So I have yet to find that Olympic event I might take an interest in, but the truth is you can't turn on the TV or read any news web sites without being blasted with the latest from the competition. And it has made me wonder this:
What's with all the World Records getting beaten?
It seems like this happens every Olympics, from what I can remember, just record after record getting smashed. Now, part of that I know comes with the advent of new technologies. For example, those weird Borg-looking suits all the swimmers wear now are scientifically engineered for speed and all. But still, equipment couldn't tell the whole tale. (If it did, wouldn't that beg the question, "why are performance enhancing drugs so bad when other performance enhancing technologies are acceptable?")
It seems more likely that the world is just breeding mutants.
Every four years, the new crop of mutations mixes together with the older mutations that aren't quite past their prime yet, in a worldwide mutant-off. Okay, so that sounds more than a bit goofy, but I think there might actually be statistical merit to the notion.

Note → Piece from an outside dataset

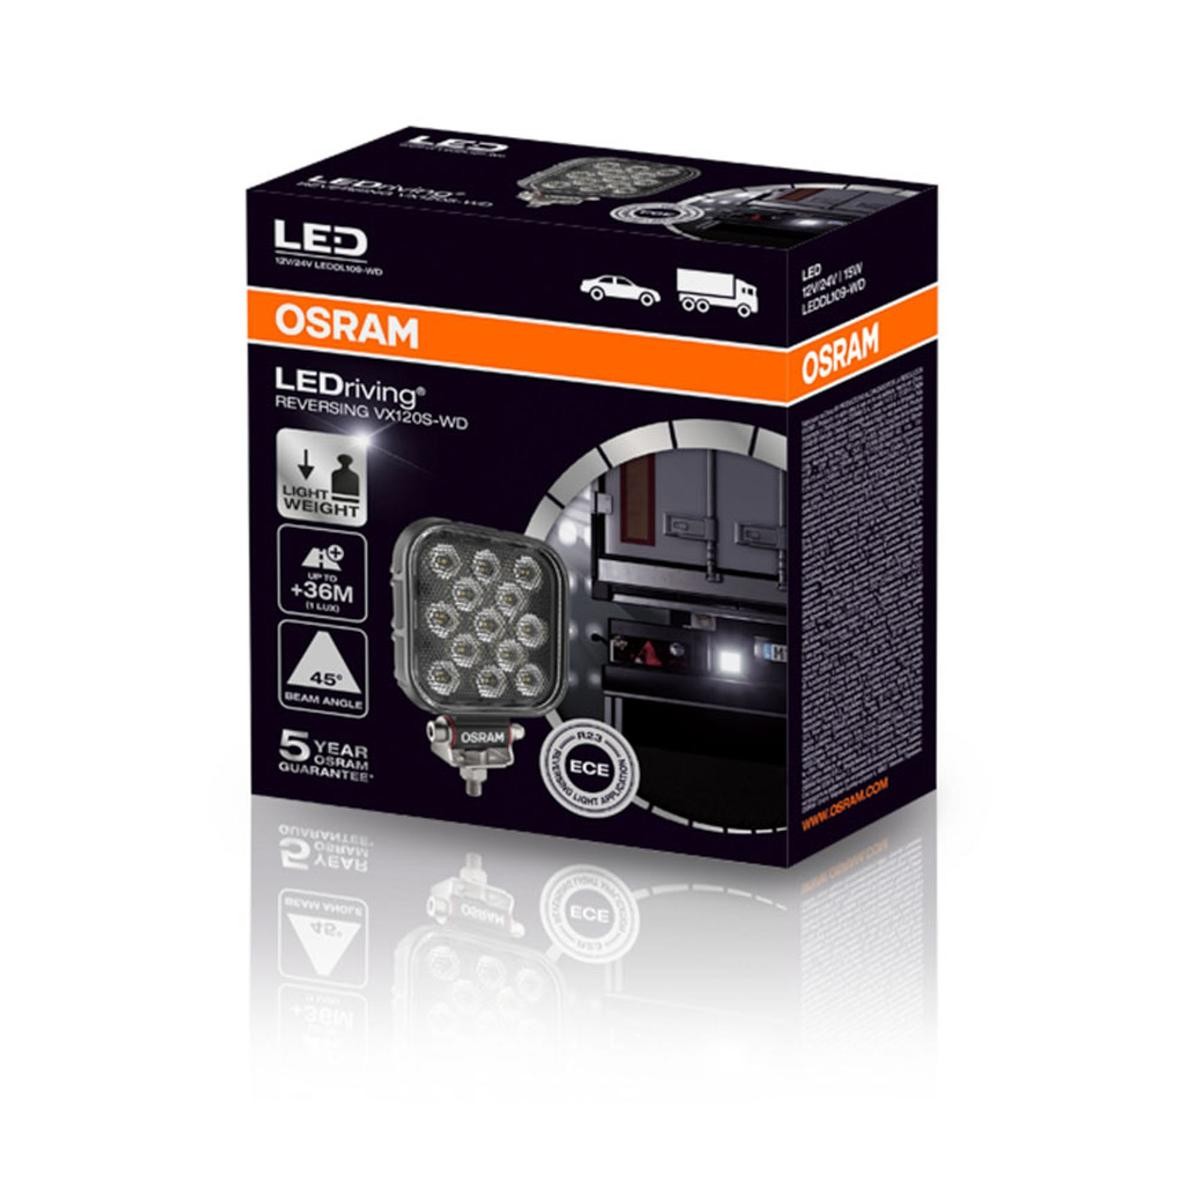 OSRAM LEDriving driving lights - Value Series LEDDL109WD Reverse lights VW Polo Mk4 1.2 60 hp Petrol 2009 price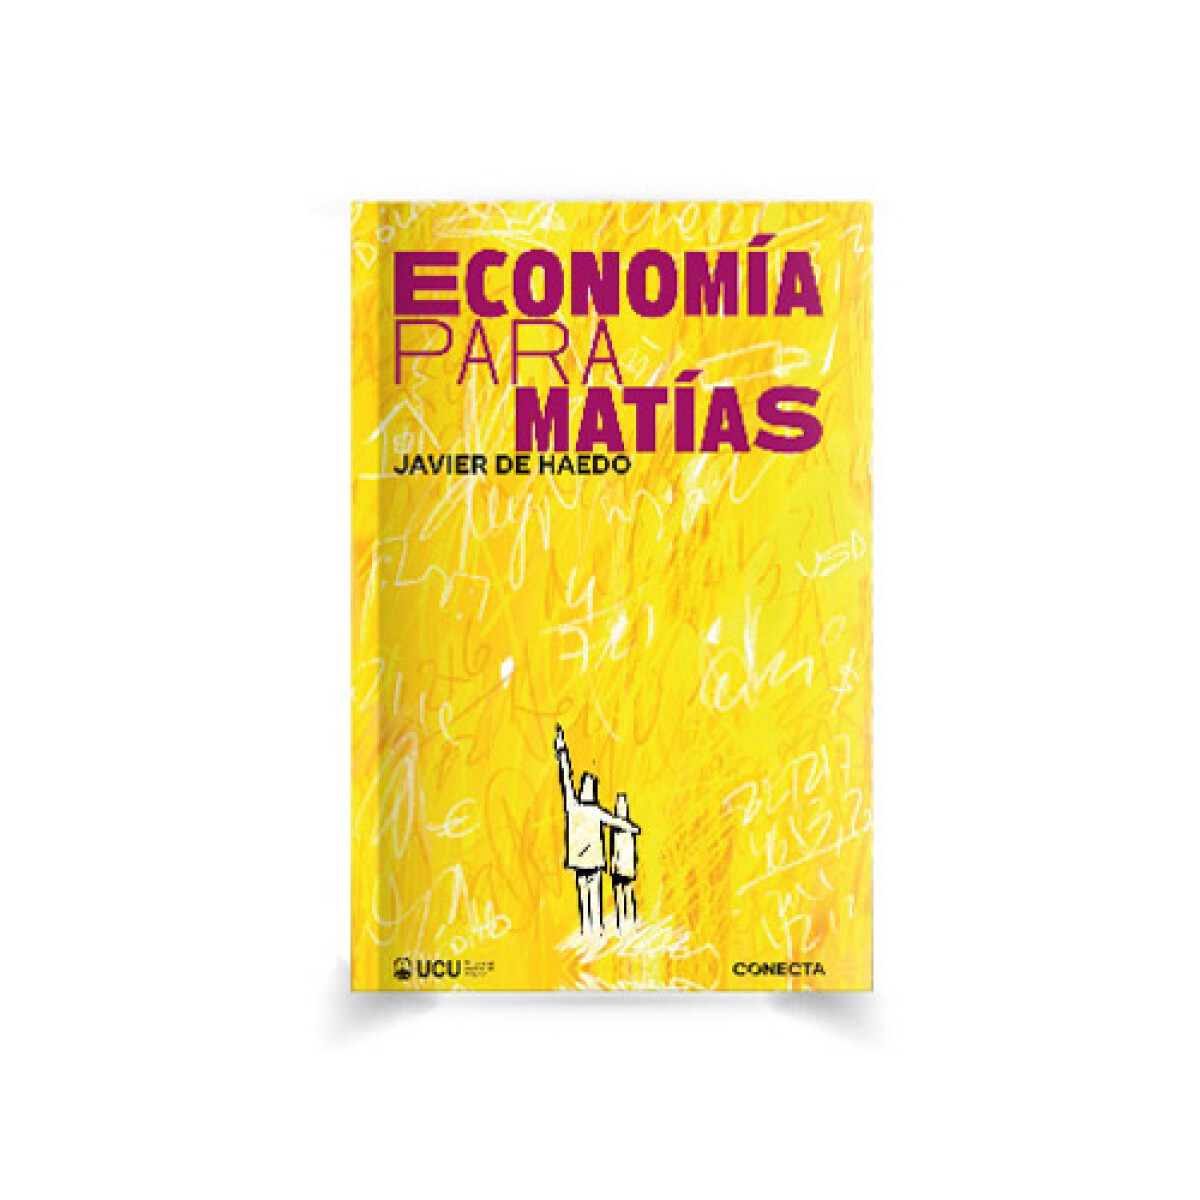 Libro Economía para Matías Javier de Haedo

There are more people in the world now than there have ever been before. And that's true every time the Olympics roll around. More people being born, more chances that some random one is going to have some freak athletic skills that no one before has ever possessed. Four years from now, even more people, even more throws of the genetic dice with the possibility of coming up Seven.
Think about that when you're watching today's contenders perform seemingly impossible feats and setting unimaginable records. Eight, twelve years from now, these records will be ancient history that few but the sports stats geeks will remember.
2 comments:
they should make "speed of light" an Olympic sport. so we could break it and get that whole space-travel thing going already.
and Phelps is Aquaman
the mole
Yeah, Phelps kinda is a mutant. They did a quick summary of his stats last night and showed how his proportions are not normal for his height and oddly the perfect fit for swimming (double jointed, bigger upper body relative to lower body for his height, etc.)